PepPCBench is a Comprehensive Benchmarking Framework for Protein–Peptide Complex Structure Prediction

Accurate modeling of protein–peptide interactions is essential for understanding fundamental biological processes and designing peptide-based drugs. However, predicting the complex structures of these interactions remains challenging, primarily due to the high conformational flexibility of peptides. To support a fair and systematic evaluation of recent deep learning (DL) approaches, we introduce PepPCBench, a benchmarking framework tailored to assess protein folding neural networks (PFNNs) in protein–peptide complex prediction. As part of this framework, we curated PepPCSet, a data set of 261 experimentally resolved complexes with peptides ranging from 5 to 30 residues. We benchmark five full-atom PFNNs, including AlphaFold3 (AF3), AlphaFold-Multimer (AFM), Chai-1, HelixFold3 (HF3), and RoseTTAFold-All-Atom (RFAA), using comprehensive evaluation metrics.
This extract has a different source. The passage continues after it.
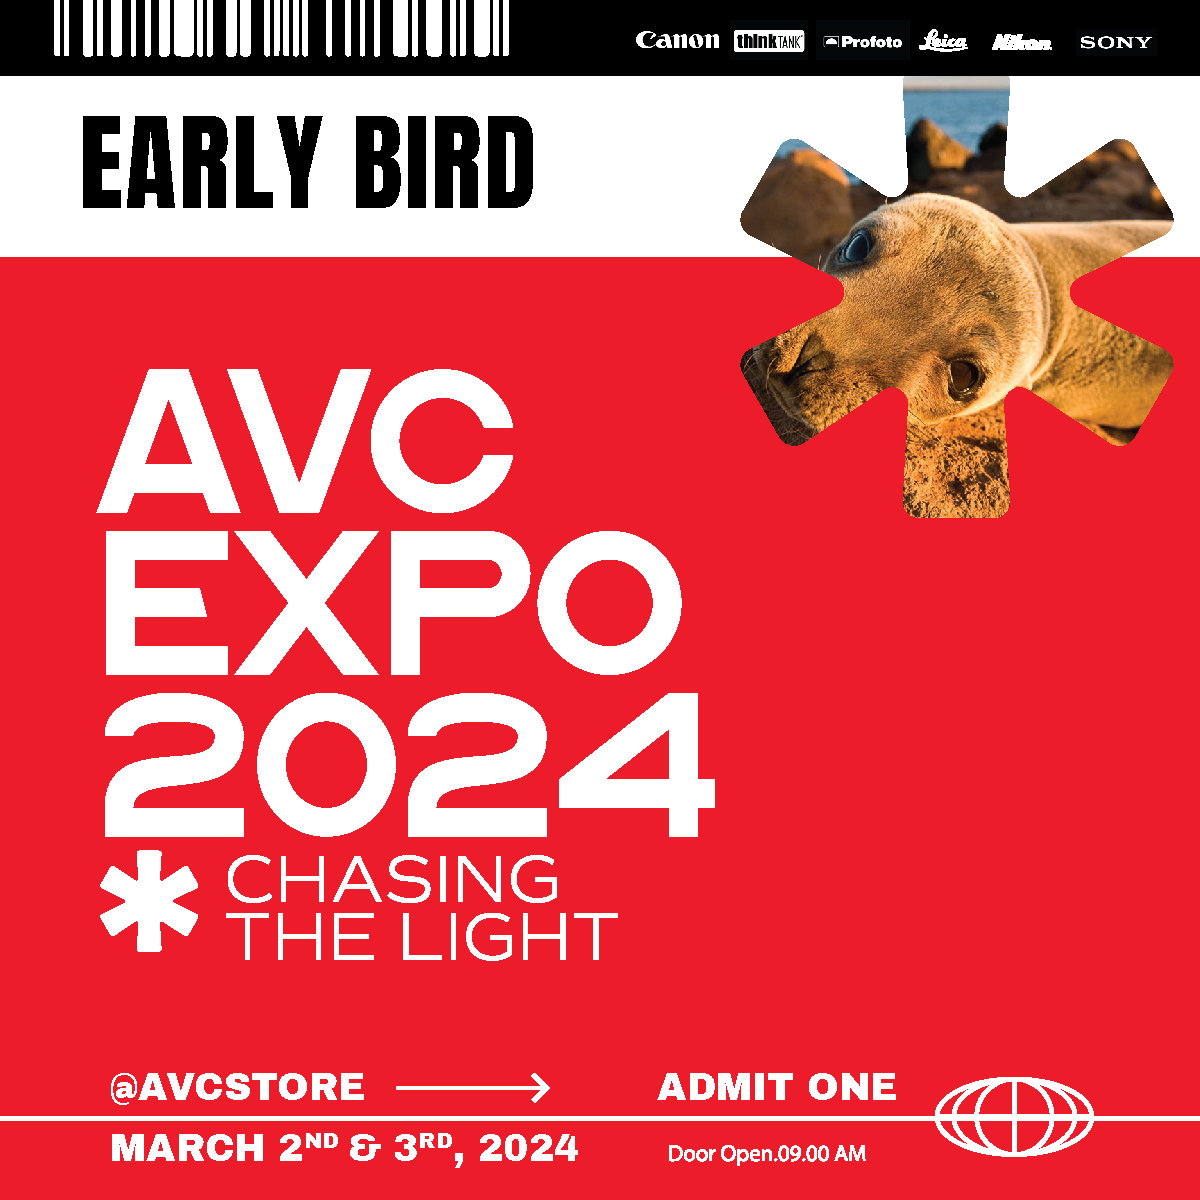 AVC Expo 2024: Chasing the Light - Early Bird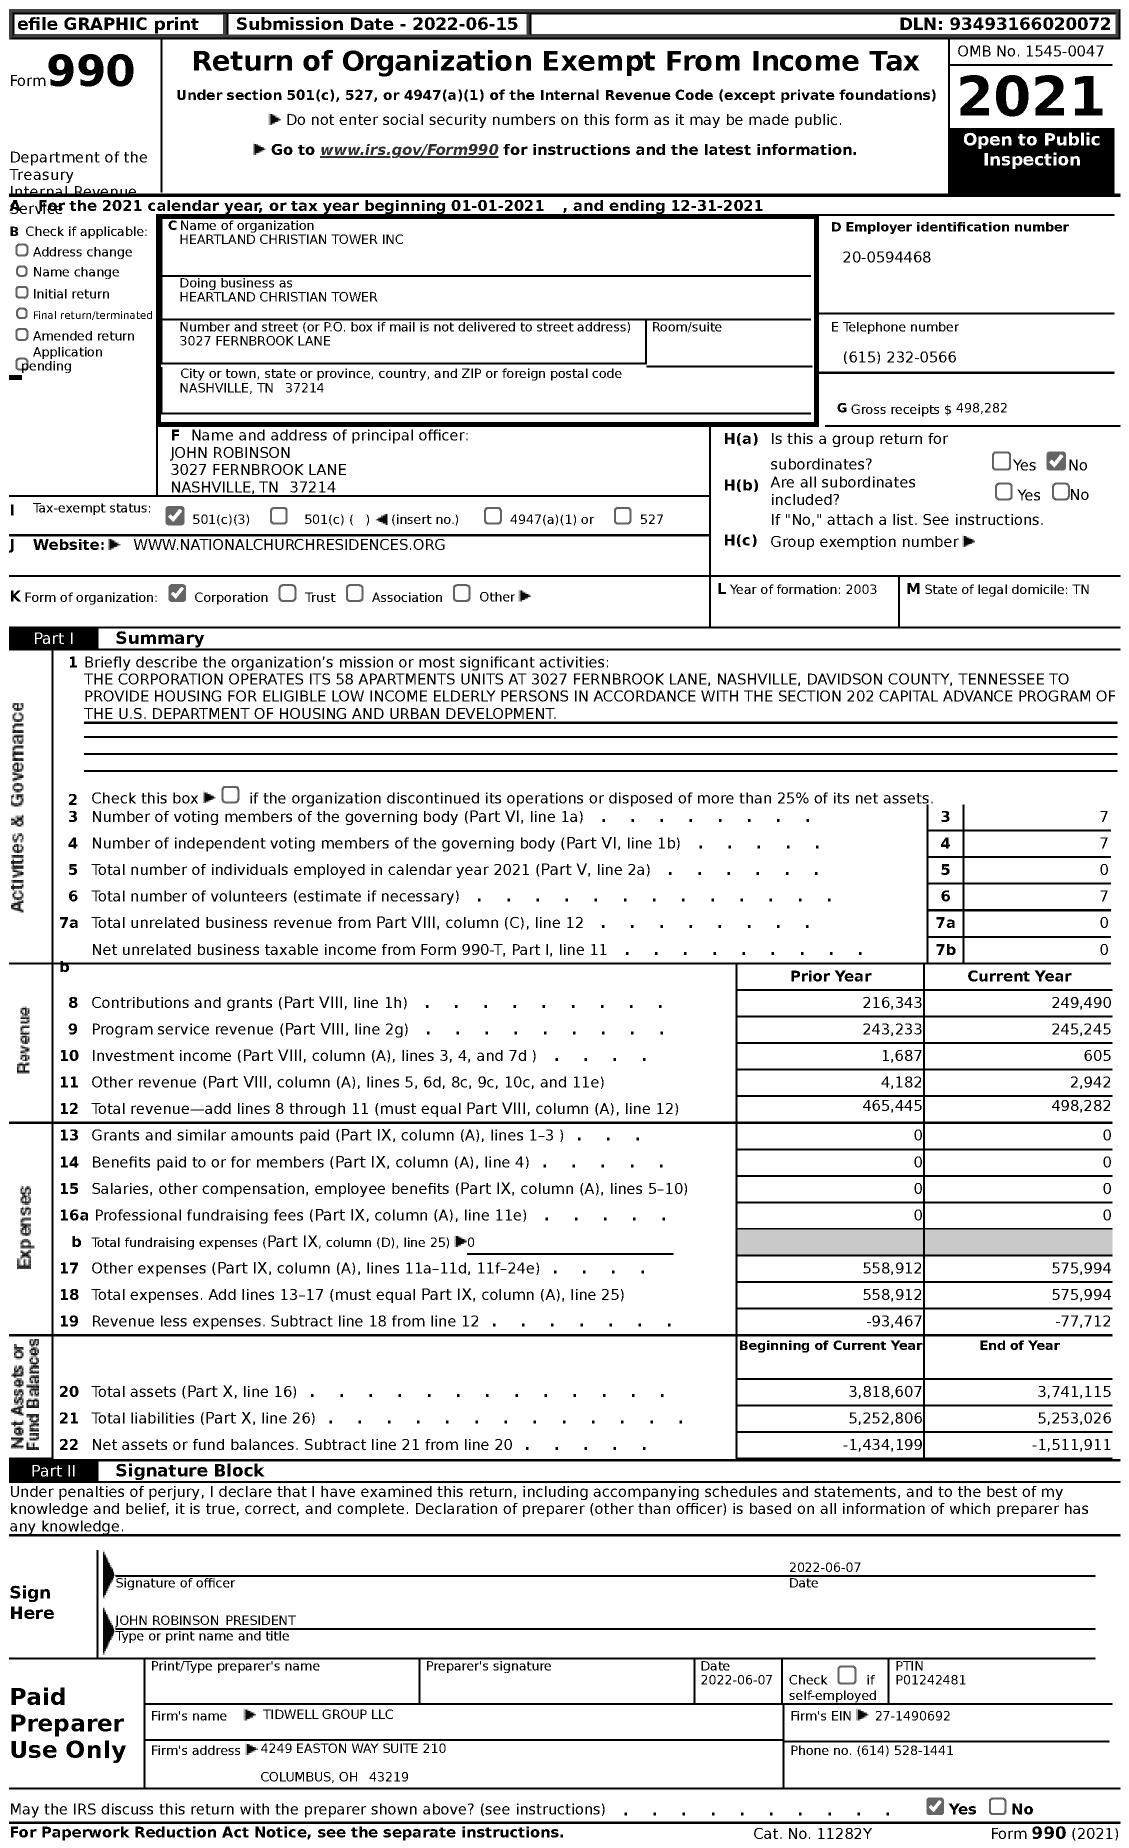 Image of first page of 2021 Form 990 for Heartland Christian Tower

Our benchmarking reveals meaningful performance differences among these methods and highlights the influence of peptide length, conformational flexibility, and training set similarity on prediction accuracy. While AF3 shows strong performance in structure prediction, further analysis indicates that confidence metrics correlate poorly with experimental binding affinities, underscoring the need for improved scoring strategies and generalizability. By providing a reproducible and extensible framework, PepPCBench enables a robust evaluation of PFNN-based methods and supports their continued development for peptide–protein structure prediction.